Тюленей не становится больше. Они массово выбрасываются на берег, путаются в браконьерских сетях, болеют собачьей чумкой, страдают из-за сокращения рыбных запасов.
В атласе морских млекопитающих СССР за 1980 год сказано так: «Несмотря на свои малые размеры, Каспийский бассейн является одним из основных водоёмов для промысла тюленей в нашей стране. Добыча тюленей на Каспии превышает добычу этого зверя даже в крупном северном бассейне. Меховые шкурки тюленя пользуются большим спросом, что определяет большой удельный вес его в зверобойном промысле Советского Союза».

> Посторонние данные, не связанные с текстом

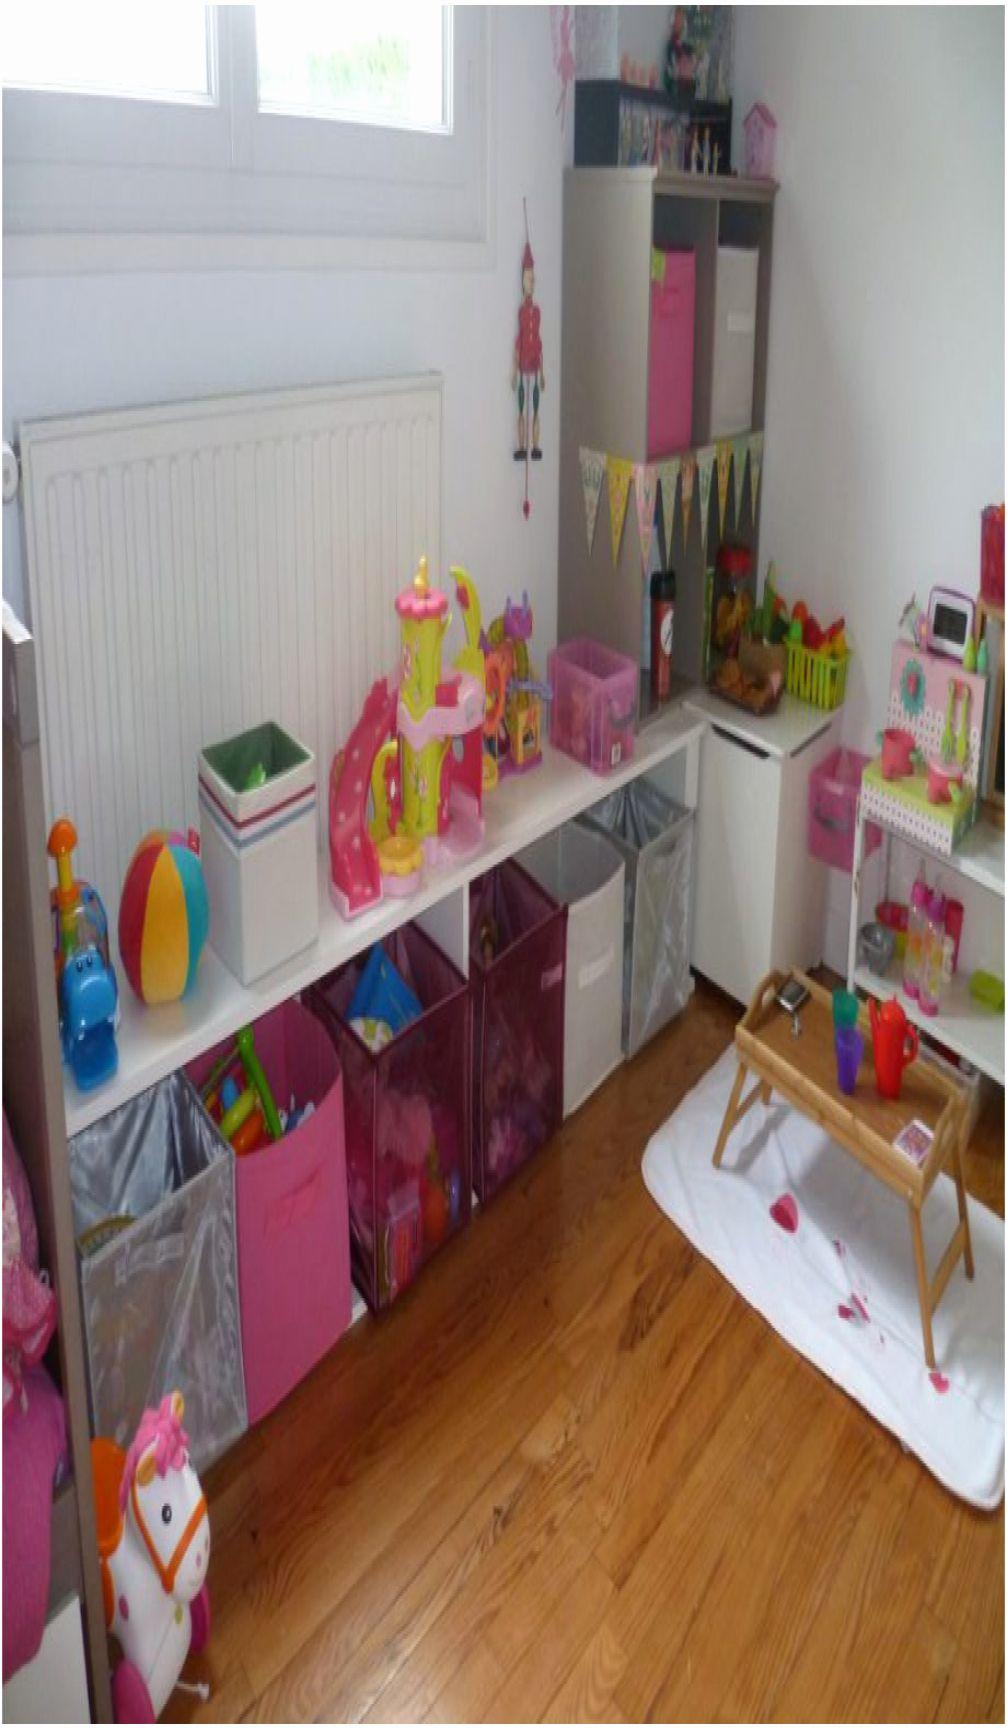 Ikea Rangement Enfant source Dinspiration Rangement Ikea Chambre D Enfant | Ikea rangement ...

После зарегулирования промысла тюленя в семидесятые на Каспии добывать стали только меховой приплод. Приплод — это бельки. Бельки — это новорождённые детёныши тюленя, покрытые белым мехом. В короткий период лёжки самок на льдах для родов туда отправлялись промысловые суда, чтобы забить новорождённых тюленей при помощи дубин. Иначе пули бы повредили ценный мех. В восьмидесятые промысел был ограничен до пятидесяти тысяч голов в год. В девяностые его снизили до нескольких тысяч. С 1998 года промысел каспийского тюленя не ведётся, но в Красную книгу он так и не был внесён. Тюленей не становится больше. Они массово выбрасываются на берег, путаются в браконьерских сетях, болеют собачьей чумкой, страдают из-за сокращения рыбных запасов… И это не считая тех трёх несчастных, которые в девяностые годы погибли на глазах у всего города в Лебедином озере.
И тогда я вдруг подумала. Если в большом Каспии мы не можем отследить судьбу тысяч тюленей, то почему мы не спасли тех трёх у себя под носом? Ведь можно же было обратиться к губернатору, писать протестные письма, давать статьи в газеты, выйти на митинг… До лайков, репостов и создания электронного сбора подписей под петициями было ещё далеко, но ведь можно же было сделать хоть что-то?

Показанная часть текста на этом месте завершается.